MCP-Assisted Semantic Analysis
This reference covers how to configure, query, and interpret Serena MCP evidence during the zeroize-audit semantic pass. For compile DB generation and flag extraction, refer to the compile-commands reference (loaded separately from SKILL.md).
Overview
MCP-Assisted Semantic Analysis
This reference covers how to configure, query, and interpret Serena MCP evidence during the zeroize-audit semantic pass. For compile DB generation and flag extraction, refer to the compile-commands reference (loaded separately from SKILL.md).
Preconditions
Before running any MCP queries, the following must hold. These are verified during Step 1 (Preflight) in task.md — do not re-run preflight here, just confirm the relevant outputs:
| Precondition | Failure behavior |
|---|---|
compile_commands.json valid and readable | Do not run MCP queries; fail the run if mcp_mode=require |
| Codebase buildable from compile DB commands | Same as above |
check_mcp.sh exits 0 | If mcp_mode=require: stop run.

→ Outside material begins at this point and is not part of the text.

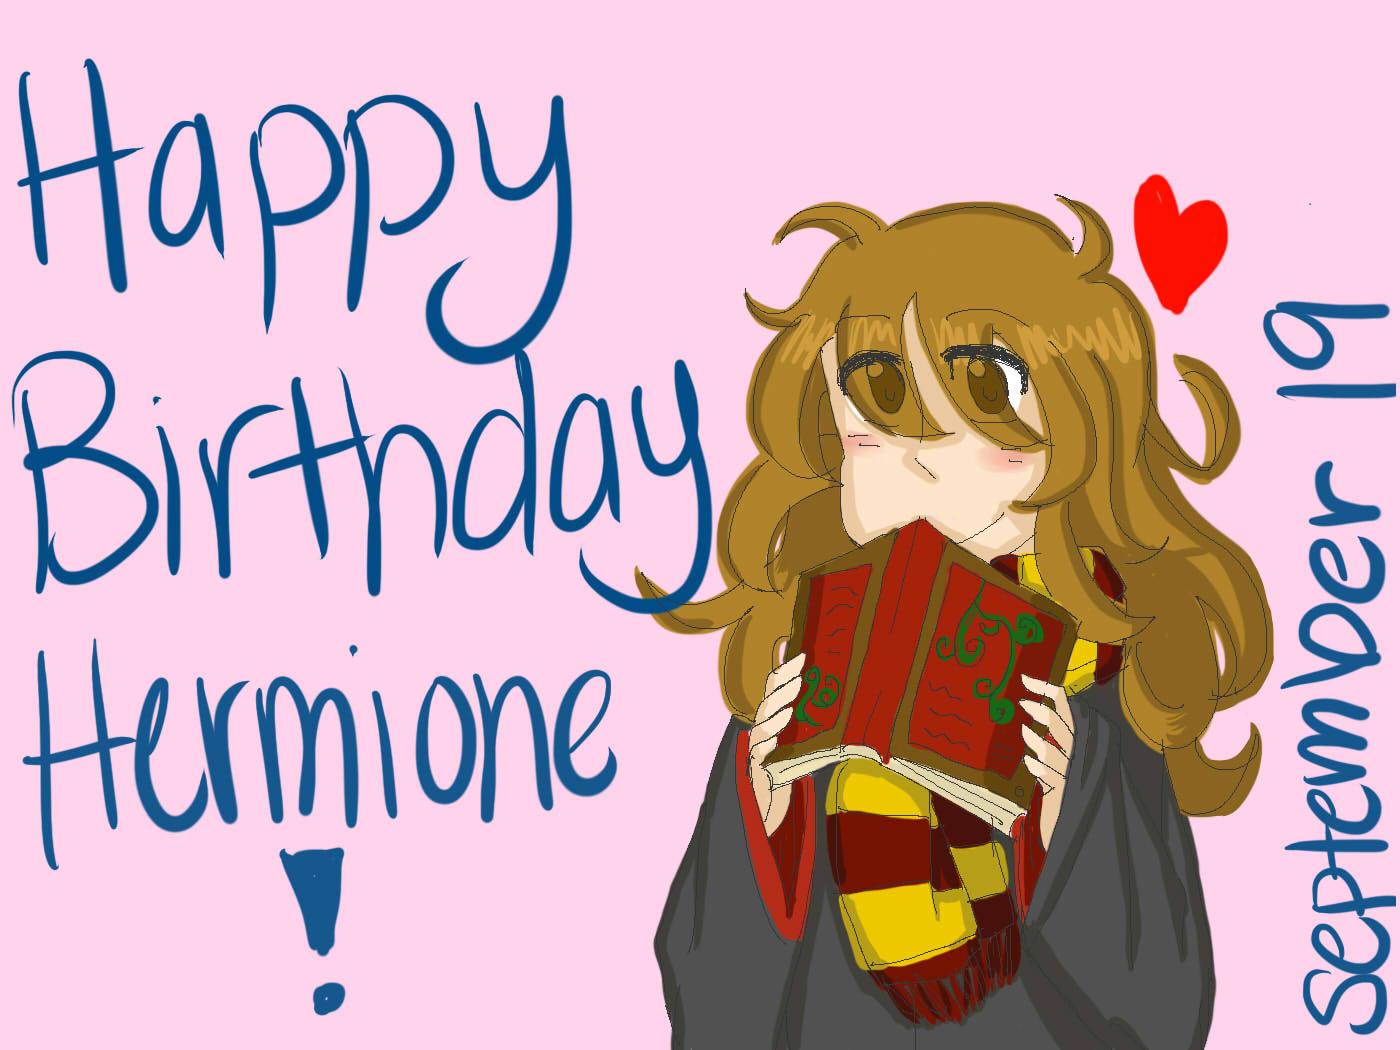 happy birthday hermione by - photo #5

If mcp_mode=prefer: set mcp_available=false, continue without MCP, apply confidence downgrades |
| Serena can resolve at least one symbol in the TU | Log a warning; proceed but mark findings from that TU as needs_review |
Rust note: Cargo does not natively produce compile_commands.json. Use bear -- cargo build or bear -- cargo check to generate it. rust-project.json is not a substitute in this workflow.
Configuring Serena
The plugin.json registers Serena as the serena MCP server, launched via uvx. Serena wraps language servers (clangd for C/C++) and exposes semantic analysis as high-level MCP tools. It auto-discovers compile_commands.json from the project working directory.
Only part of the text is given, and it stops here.